It is possible for disasters to happen in the food chain. New Zealand is a small place, just a bit bigger than Nova Scotia. There are no harbours. On the west coast there are 20-foot waves of water coming to shore all the time. Their fishing industry is small. It is more experimental than industrial. You can see so many things about it. It is lauded as being a great achievement but I did not see much of an achievement. They lost their orange roughy and red snapper. If only they could have kept a couple of snappers alive because it was worth about $37 per pound; something we could only dream about. They kill the fish with a spike, and there is a Japanese advisor onboard to show them how it is done. It is a totally weird place compared to the kind of fishing we do in Canada.

One great thing is that New Zealand is like Newfoundland was in 1966. It is so accessible. You can see such a variety in such a short period of time, including the scenery. There are many benefits to New Zealand life. I think we tested our Canadian ideas down there.

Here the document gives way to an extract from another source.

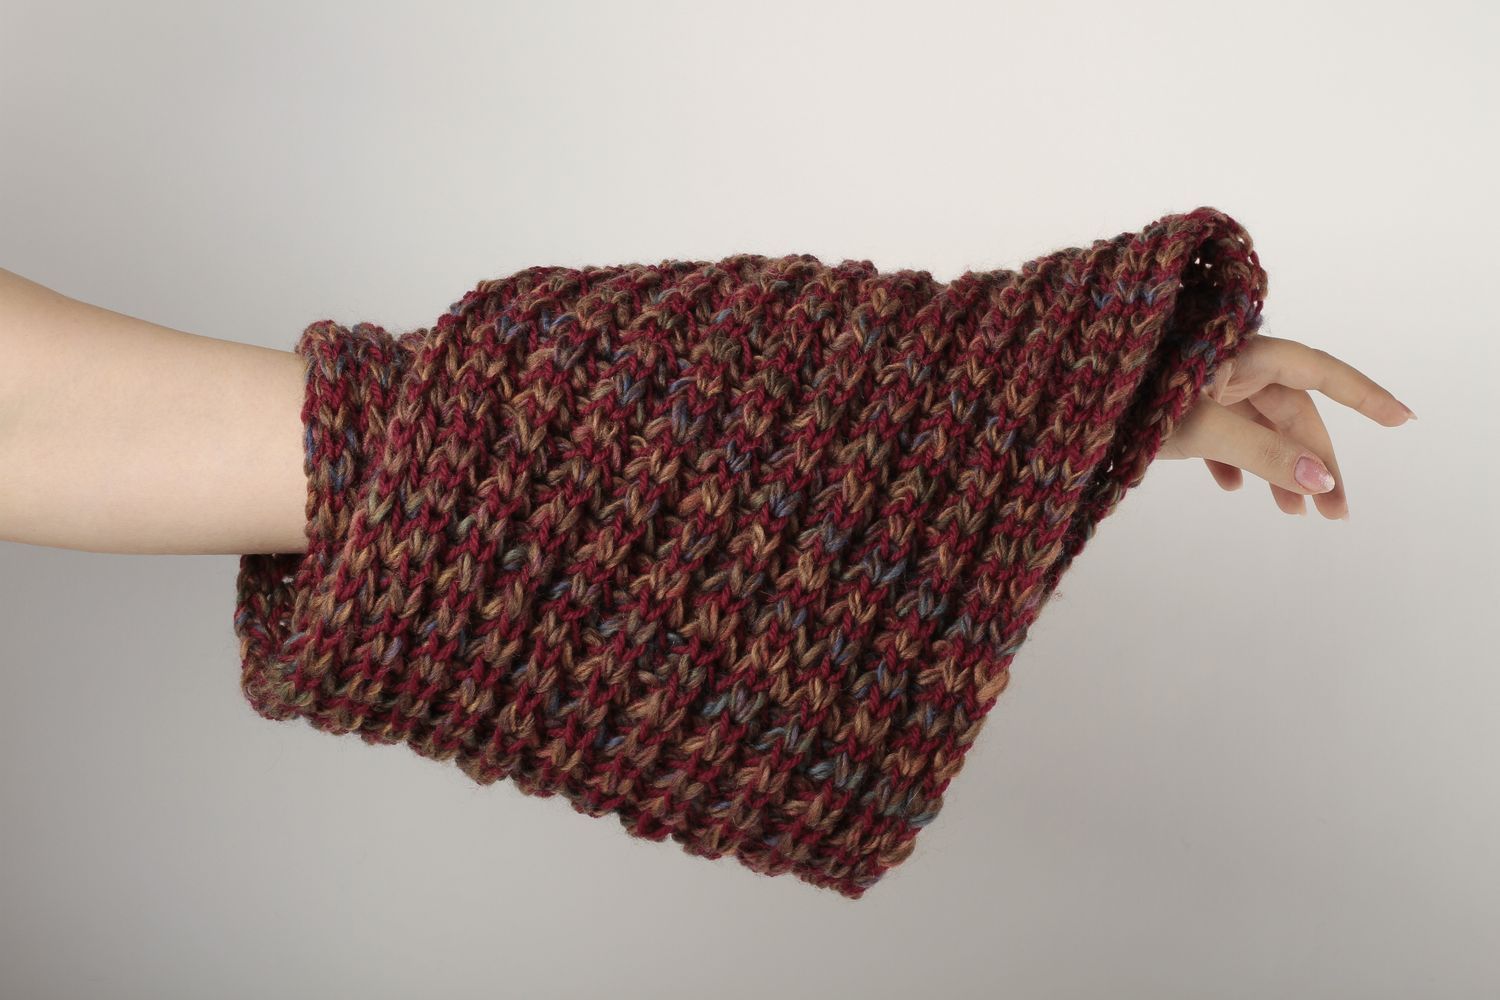 Écharpe au tricot faite main Vêtement femme homme marron-rouge laine Idée cadeau photo 1
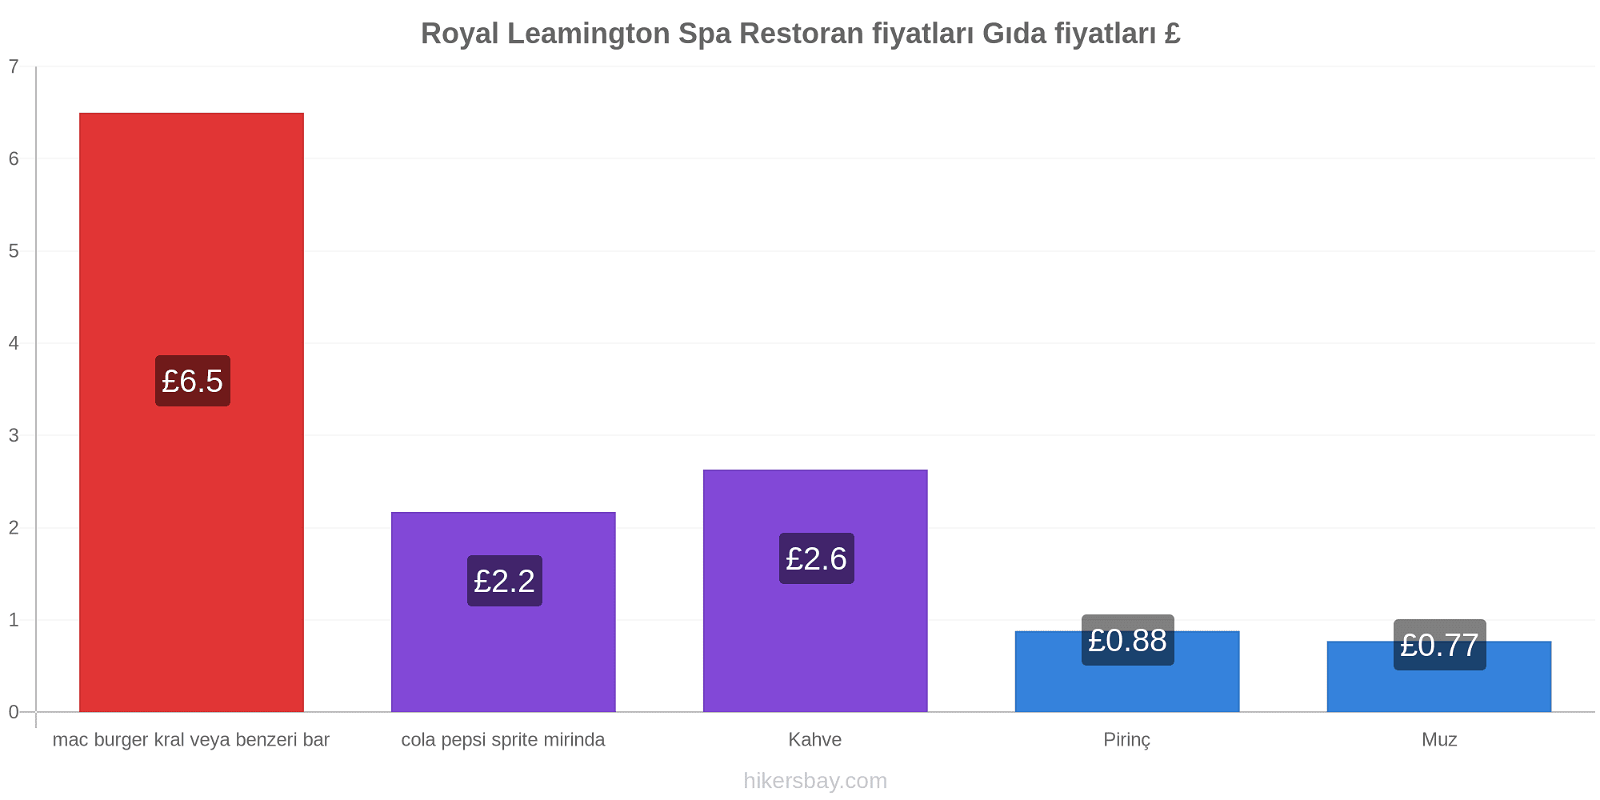 Royal Leamington Spa fiyat değişiklikleri hikersbay.com

If you go to New Zealand, you should go to Iceland. You should have two places of reference. Iceland is also very small but the nice thing about it is that you can catch many people in a short period of time. You cannot go to America and catch the same number of people on one visit. Rather, you get lost in the corridors in Washington. In New Zealand, by contrast, they take your visit as a complement. It is like rural places or small towns that are not in the lime light. There is an agreeable milieu which you can actually utilize. They have 70 million sheep and 4 million people, and 1.8 million live in either Auckland, Wellington or Christ Church. Reykjavik is in Iceland, which is like Newfoundland. In such places you can see policy pictures because you can get so much variety in such a short period of time. That is the advantage. You will be able to find people to talk to you about privatization or about the tribunal hearings. You can find someone in half the time that it would take to do it in other places. That would be an advantage to a Senate committee and the travel experience and education would be a collective experience.

Senator Mahovlich: Where are we heading with aquaculture? Will it be a big problem in the future? It began in Norway and moved on to the southern hemisphere. We became concerned because we were losing the market.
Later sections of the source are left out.